Security updates are only provided for the current master branch. Pinned deployments should track master for security fixes.

Do not open a public issue. Please report security vulnerabilities privately:

• Telegram: @froggychips
• Email: big@froggychips.xyz

Include: reproduction steps, the payload used (if applicable), Kubernetes version, and what action was triggered or could have been triggered.

The copilot receives AlertManager webhook payloads and passes alert labels and annotations to an LLM (Anthropic Claude). An attacker who controls an alert's labels or annotations fields can attempt to inject instructions into the LLM context that cause it to generate an ExecutionIntent targeting Kubernetes resources outside the intended scope.

This is the highest-severity threat surface in this project.
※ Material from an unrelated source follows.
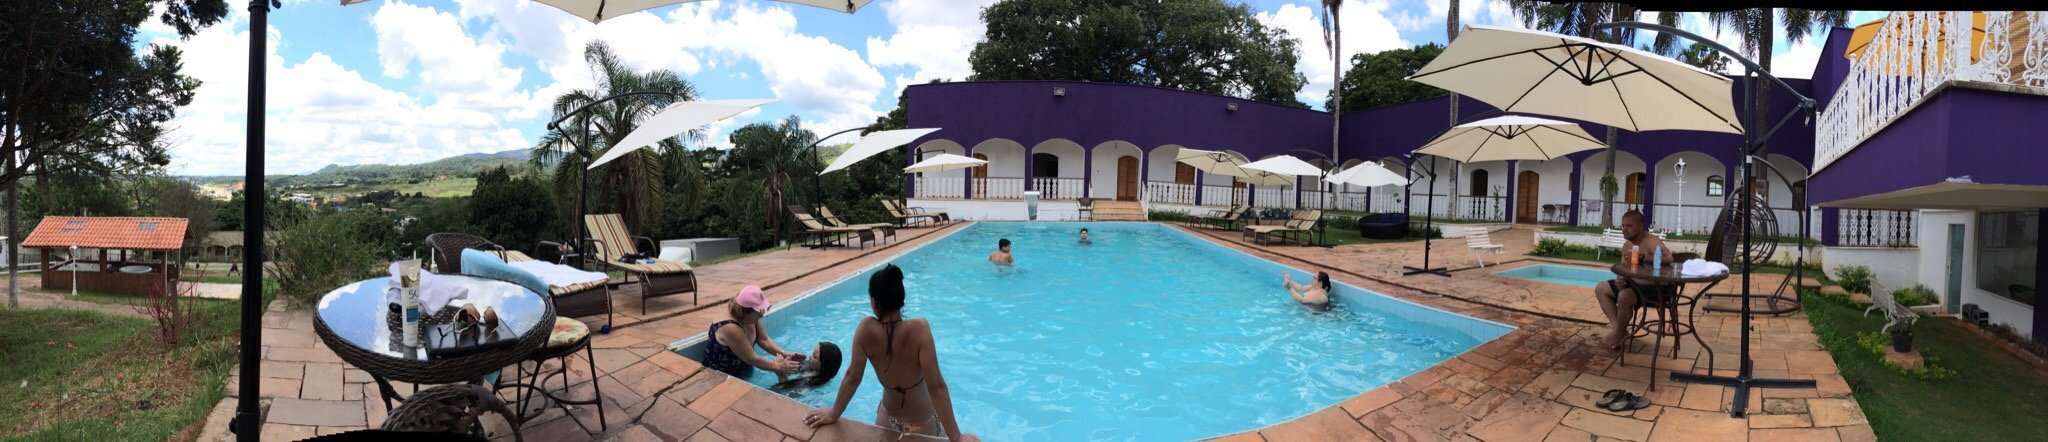 Pousada Parque da Colinas de Atibaia
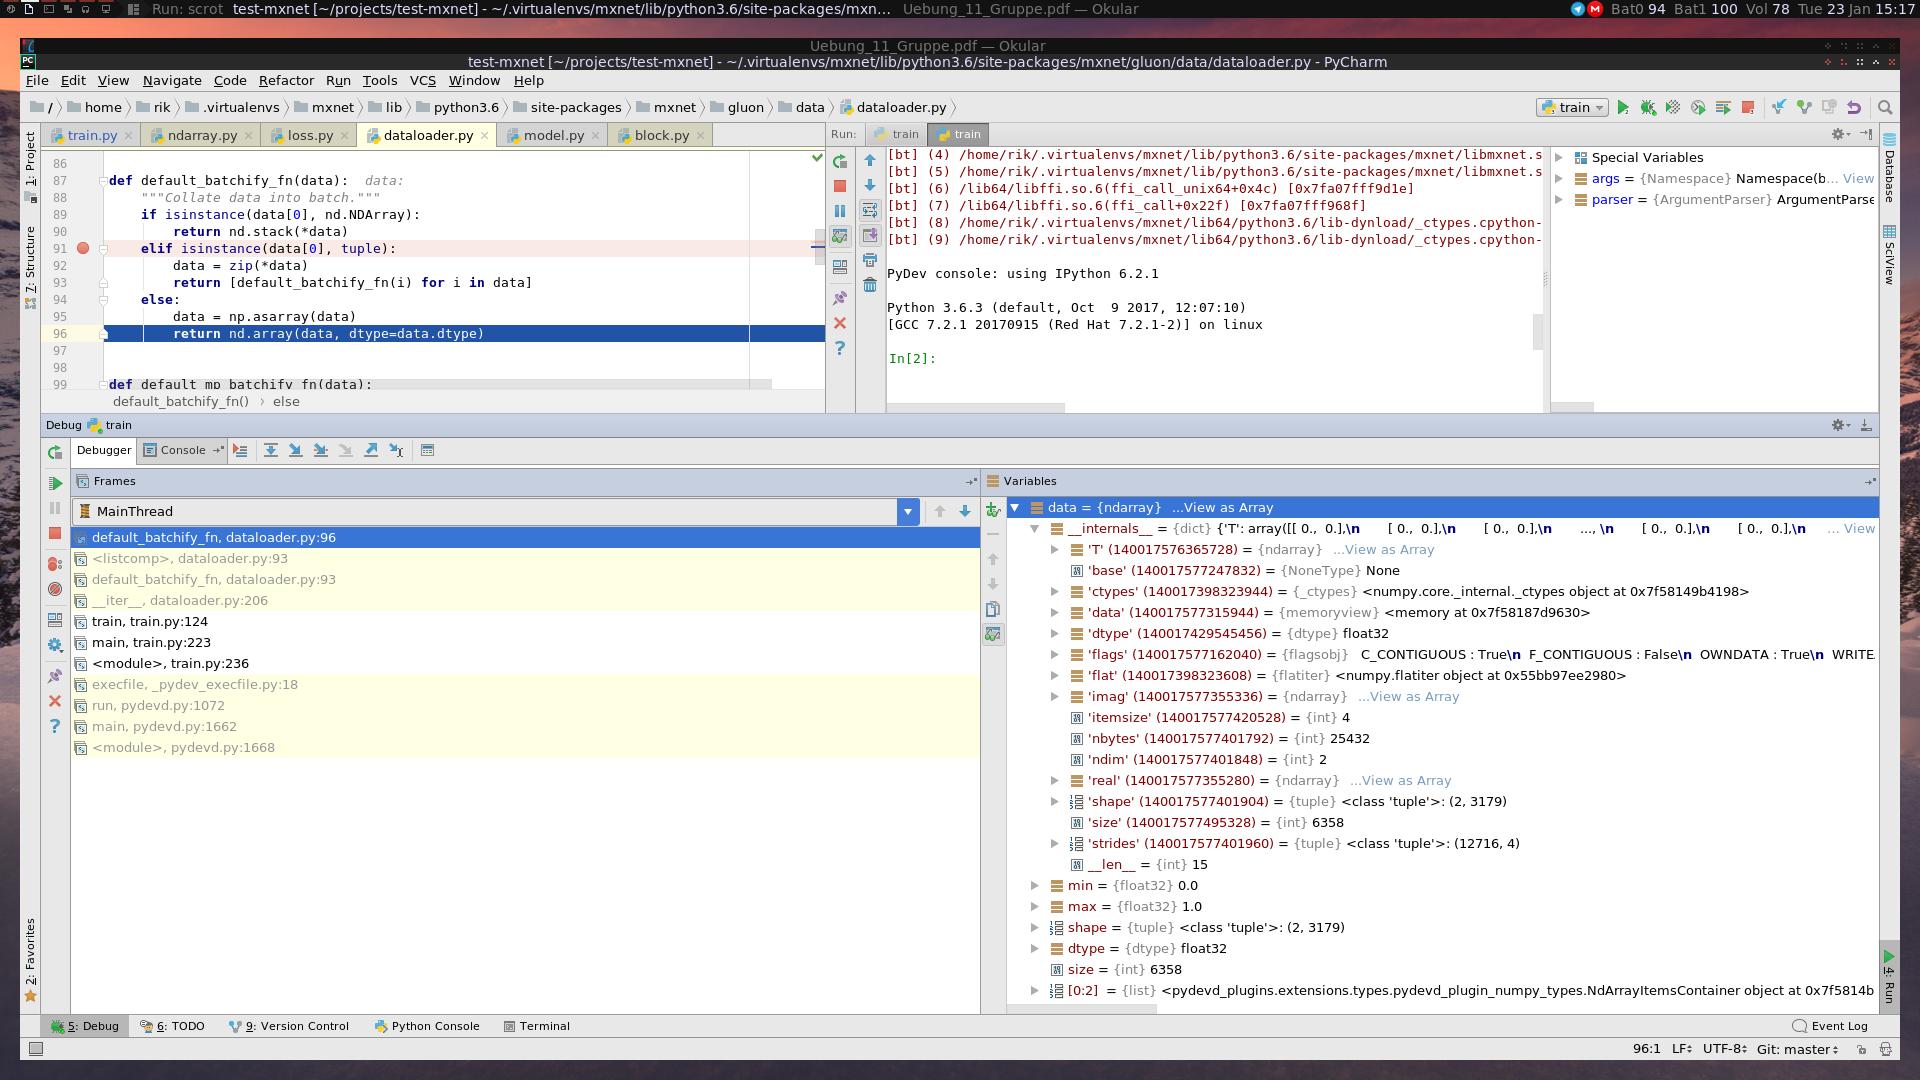 KeyError: <class 'numpy object_'> in mx nd array empty

• Prompt injection via AlertManager alert labels/annotations → unauthorized K8s exec, scale, restart, or delete
• Authentication bypass on the approval endpoint (POST /approvals/{id}/approve) allowing an unapproved action to execute
• Namespace guard (k8s_guard.py) bypass — a crafted namespace name that passes the pattern check but escapes the intended tier boundary
• SAFE_MODE=false in production without compensating controls — this removes the approval requirement for destructive actions
• Redis (Celery broker) compromise leading to arbitrary task injection into the execution queue
• Database (DATABASE_URL) exposure leaking approval history or execution logs

• Compromise of the Anthropic API itself (report to Anthropic)
• AlertManager or Prometheus vulnerabilities (report to those projects)
• Kubernetes API server vulnerabilities (report to the Kubernetes project)
• Attacks requiring existing cluster-admin access
• Discord server compromise (the bot has read/write to a channel, not admin access)

The alertmanager webhook endpoint accepts POST requests without authentication by default. Any party that can reach the endpoint can submit a synthetic alert payload with arbitrary labels and annotations.

Mitigations to consider:

• Deploy behind a network policy or ingress that restricts the source to AlertManager only
• Add HMAC signature verification matching AlertManager's webhook secret support
• Validate that labels.alertname and labels.namespace match an allowlist before passing to the LLM

Current state: authentication is not implemented by default. This is the most critical gap.

The guard classifies namespaces into tiers (e.g. production, staging, dev) based on name patterns and enforces which tiers require approval or are forbidden. A namespace whose name matches an unintended pattern could be misclassified.

Review checklist:

• Pattern matching must be anchored (full string match, not substring)
• New namespaces should default to the most restrictive tier, not the least
• production tier must always require approval regardless of SAFE_MODE

The LLM generates structured ExecutionIntent objects that are validated before execution. The approval flow (POST /approvals/{id}/approve) must verify:

• The approver is an authorized principal (not just any Discord user)
• The intent ID has not already been approved or expired
• The intent was not modified between generation and approval

A replay or TOCTOU attack on the approval endpoint could allow a previously rejected or expired intent to execute.

When SAFE_MODE is disabled, destructive actions (scale-down, restart, delete) execute without requiring approval. This setting must not be active in production without a compensating control (e.g. restricting the webhook source, enabling audit logging, requiring MFA for the approval channel).

The Celery task queue uses Redis as a broker. If Redis is reachable without authentication or TLS, an attacker could inject arbitrary Celery tasks, including ones that invoke Kubernetes actions outside the normal LLM → intent → approval flow.

Ensure REDIS_URL uses authentication (redis://:password@host) and is not exposed outside the cluster.

The database stores execution history and approval records. Exposure of DATABASE_URL leaks operational history and could allow tampering with audit logs. Use a least-privilege DB user with read/write only to the application schema.

• Alert data reaches Anthropic. Alert labels and annotations are included in the LLM prompt and sent to the Anthropic API. Do not include PII (usernames, IP addresses, customer data) in alert labels — keep them to service/namespace/metric identifiers.
• Discord is semi-public. Approval requests posted to Discord channels are visible to all channel members. Do not include sensitive payload details in Discord messages; use the database record for full context.
• No credentials in labels. Never put secrets, tokens, or connection strings in alert labels — they will appear in LLM context, Discord messages, and audit logs.

• Webhook is unauthenticated by default. This is the most significant gap. Network-level isolation (K8s NetworkPolicy, ingress IP allowlist) is the primary compensating control until HMAC verification is added.
• Namespace guard is pattern-based. Name-based classification can be fooled by creative naming. A defence-in-depth approach (e.g. namespace labels set by cluster-admin, not the namespace name) would be more robust.
• LLM output is not formally verified. The ExecutionIntent schema validation catches structural errors but cannot prove the intent matches the operator's goal. Human approval is the last line of defence for destructive actions.
• No rate limiting on the webhook endpoint. A flood of synthetic alerts could exhaust LLM API quota or create a backlog of pending approvals.